Directions for this task — The expected output is exactly the lines below, starting at the line with "Sea Beach - Photoshop Action ZE5A63N 1" and ending at the line with "PP-2K 9mm (Green", both included; no other line belongs in it.

----- Stored data -----

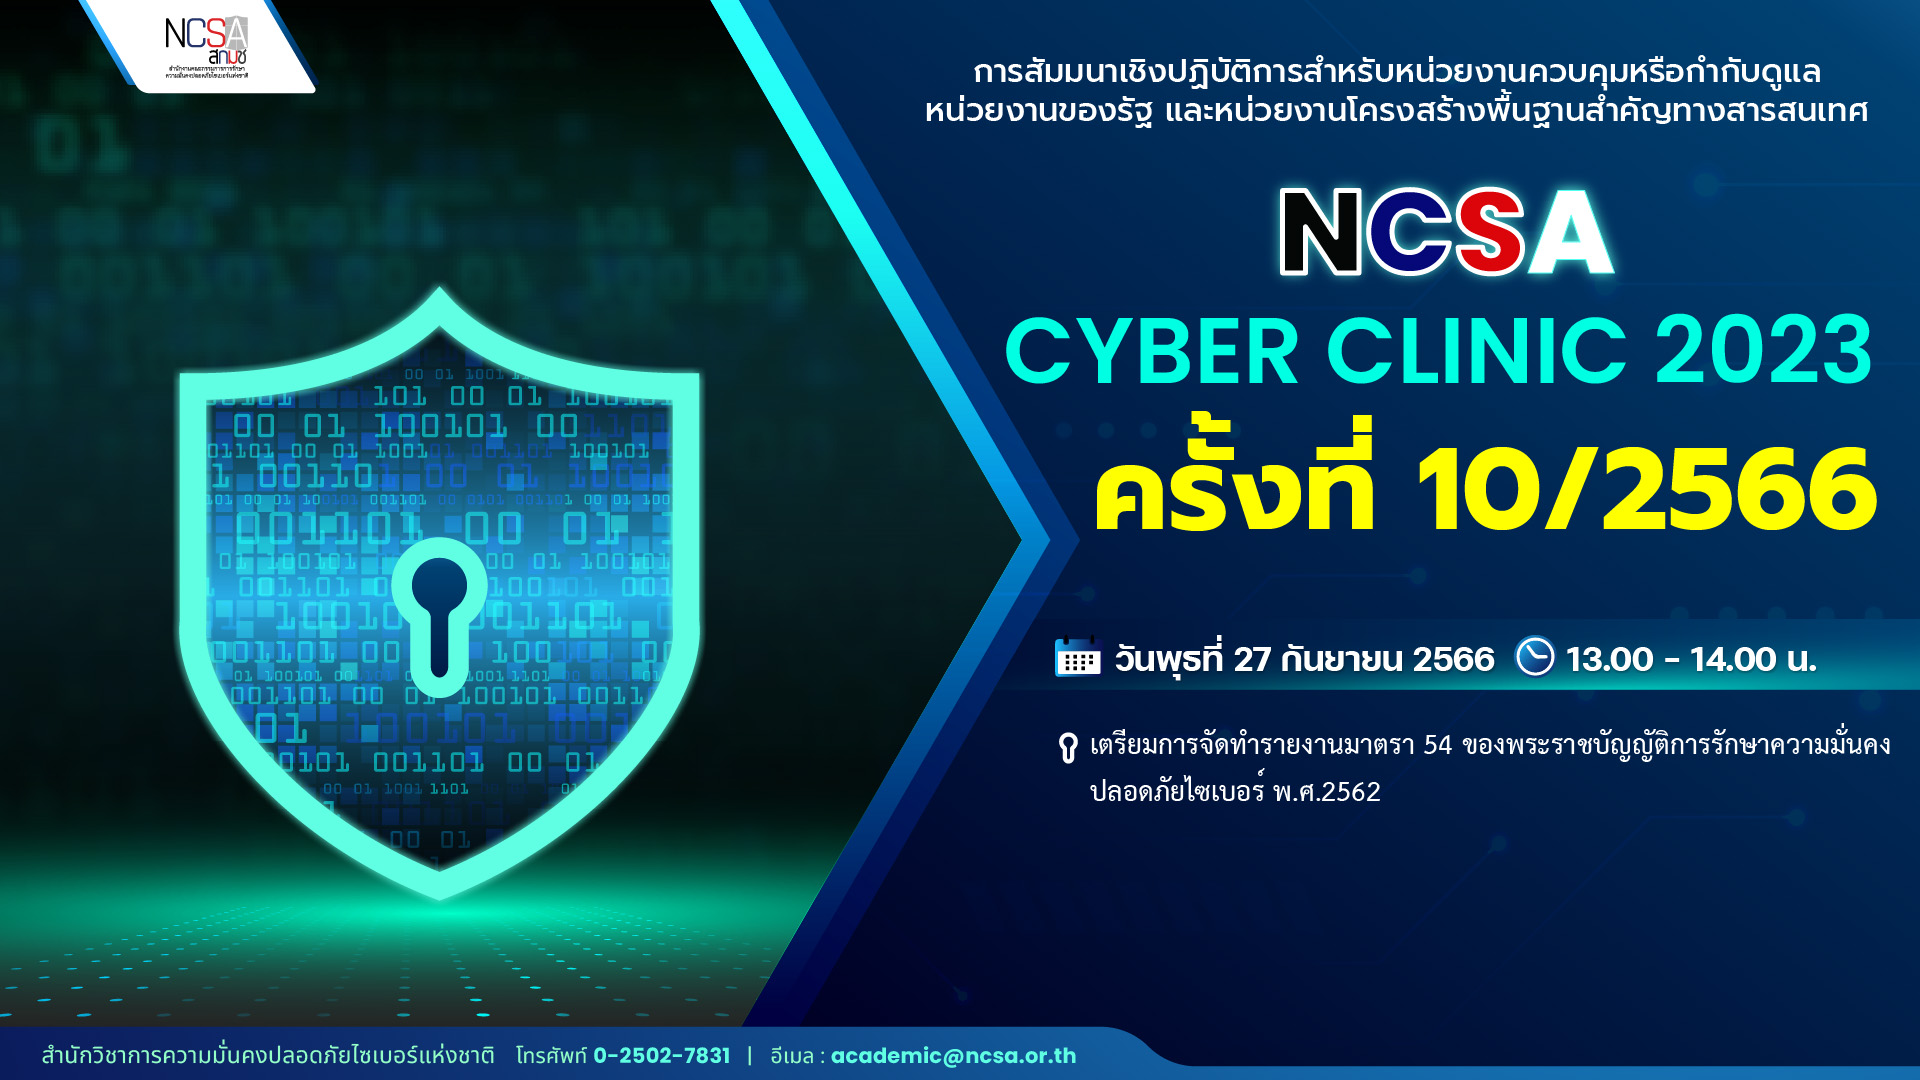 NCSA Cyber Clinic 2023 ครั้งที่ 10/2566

-----
----- Stored data -----

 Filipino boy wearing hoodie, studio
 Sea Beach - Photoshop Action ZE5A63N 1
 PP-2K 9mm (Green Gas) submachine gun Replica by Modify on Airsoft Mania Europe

-----

Answer for the task —
 Sea Beach - Photoshop Action ZE5A63N 1
 PP-2K 9mm (Green Gas) submachine gun Replica by Modify on Airsoft Mania Europe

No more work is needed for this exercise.